Pawel Machcewicz: "Der umkämpfte Krieg – Das Museum des Zweiten Weltkrieges in Danzig. Entstehung und Streit"
Aus dem Polnischen von Peter Oliver Loew
Harrassowitz-Verlag, Wiesbaden 2018
254 Seiten, 22,90 Euro
Wie Polen über die Geschichte des Zweiten Weltkriegs streitet
Zu pazifistisch, zu wenig patriotisch: Seit Jahren bekämpft die PiS-Regierung das Museum des Zweiten Weltkriegs in Danzig. Dessen geschasster Direktor Pawel Machcewicz hat jetzt ein detailliertes und packendes Buch über die Kontroverse geschrieben.
Die Idee, ein ganzes Museum in Danzig dem Zweiten Weltkrieg zu widmen, kam von dem Falschen, zumindest in den Augen Jaroslaw Kaczynskis. Der Chef der konservativen polnischen Partei Recht und Gerechtigkeit (PiS) gilt als außerordentlich geschichtsinteressiert, doch nicht er, sondern der Historiker Pawel Machcewicz hatte den Einfall, für den sich der damalige Regierungschef Polens, Donald Tusk, sofort begeisterte. Der Erzfeind Kaczynskis.

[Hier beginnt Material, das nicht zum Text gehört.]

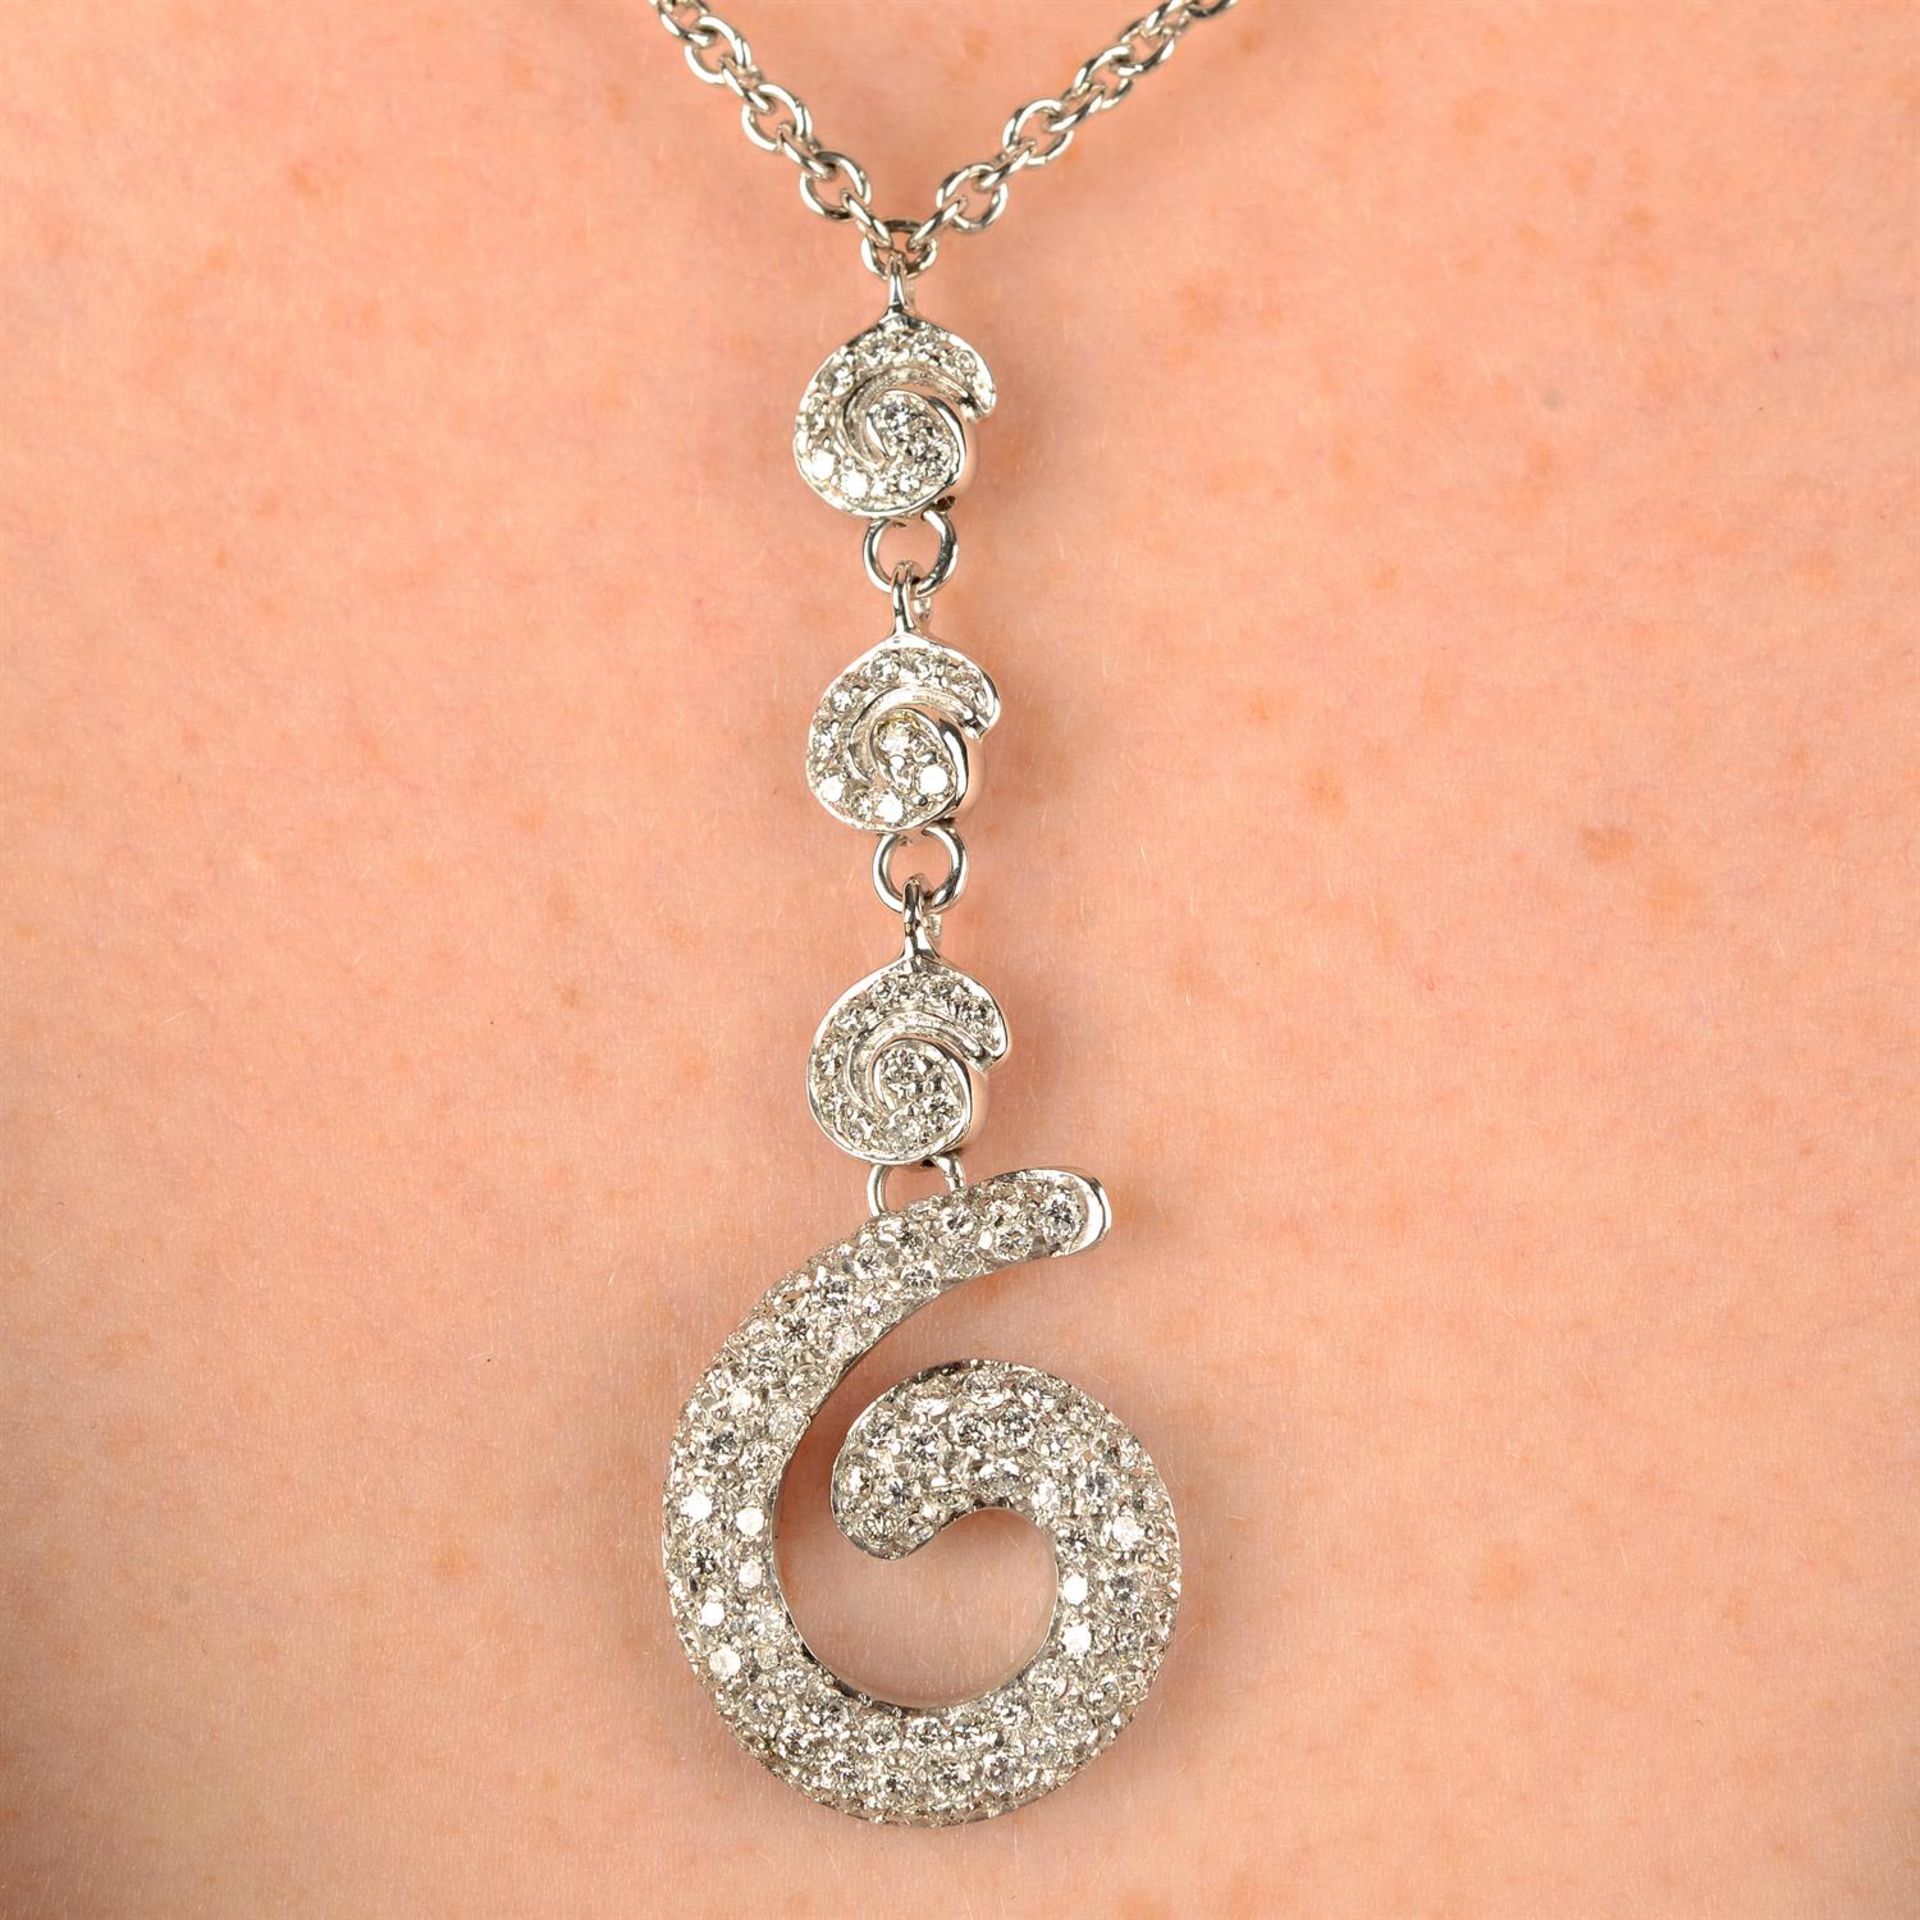 A pavé-set diamond scroll pendant necklace.

Und wie es sich mitunter mit guten Ideen so verhält: Man gönnt sie dem Urheber nicht, hauptsächlich, weil man sie selbst gern gehabt hätte. Ergo bekämpfte die PiS das geplante Museum von Anfang an. Sie wollte das Leid der Polen im Mittelpunkt sehen, ihr Heldentum, ihre Bereitschaft, die Heimat bis zuletzt militärisch zu verteidigen. Machcewicz jedoch zog den Fokus weiter auf, stellte den Zweiten Weltkrieg in den europäischen Kontext, mit besonderem Blick auf das Schicksal der Zivilisten. Keinesfalls wollte er sich mit einer Chronologie der Kampfhandlungen begnügen. Ihm ging es auch um den Weg in den Krieg und dessen Auswirkungen bis heute.
Angeblich versteckter Pazifismus
Schon zehn Jahre dauert der Streit. Pawel Machcewicz hat ihm nun selbst ein Buch gewidmet, in dem er die Auseinandersetzung detailliert und packend erzählt. Wie die Museumsmacher um ihn herum diffamiert wurden, dass sie angeblich den Interessen Brüssels und Berlins dienten, Verrat übten. Nach dem Machtwechsel Ende 2015 schufen die Kaczynski-Getreuen Fakten. Sie lösten das Danziger Museum des Zweiten Weltkrieges zwei Wochen nach seiner Eröffnung im April 2017 auf und gründeten ein neues mit demselben Namen, aber anderen Angestellten, die nun die Kernaussagen der Ausstellung verändern sollen. Der angeblich versteckte Pazifismus war das erste, was die neue Museumsleitung korrigierte.
Der Geschichtswissenschaftler Machcewicz schreibt engagiert, stellt die Positionen seiner Gegner ausführlich und stets sachlich dar. Wenn er die Herkunft zahlreicher außergewöhnlicher Exponate nachzeichnet, sind das mehr als nur spannende Episoden. Oft genug werden darin die anhaltenden Kämpfe um die Deutungshoheit wichtiger Geschichtsmomente klar. "Der umkämpfte Krieg" zeigt das Ausmaß des aktuellen Wandels in Polen, bei dem unseren Nachbarn ihre legendäre Freiheitsliebe ebenso abhanden zu kommen scheint wie Pluralismus und Liberalismus.
Voller Sorge um sein Land
Bereits im Parlamentswahlkampf 2015 hatte Kaczynski den Austausch der Eliten angekündigt, der Museumsdirektor Machcewicz gehörte zu den ersten Opfern. Dennoch hält sich der Geschasste zurück, Parallelen mit der kommunistischen Diktatur zu ziehen. Der ehemalige Museumsdirektor hat den Kampf verloren, aber er gibt sich nicht geschlagen. Er ist nicht verbittert, jedoch voller Sorge um sein Land. Sein Buch kann man auch als Aufforderung lesen, das Museum schnell zu besuchen, solange die Ausstellung noch so besteht, wie sie von ihren Initiatoren gedacht war.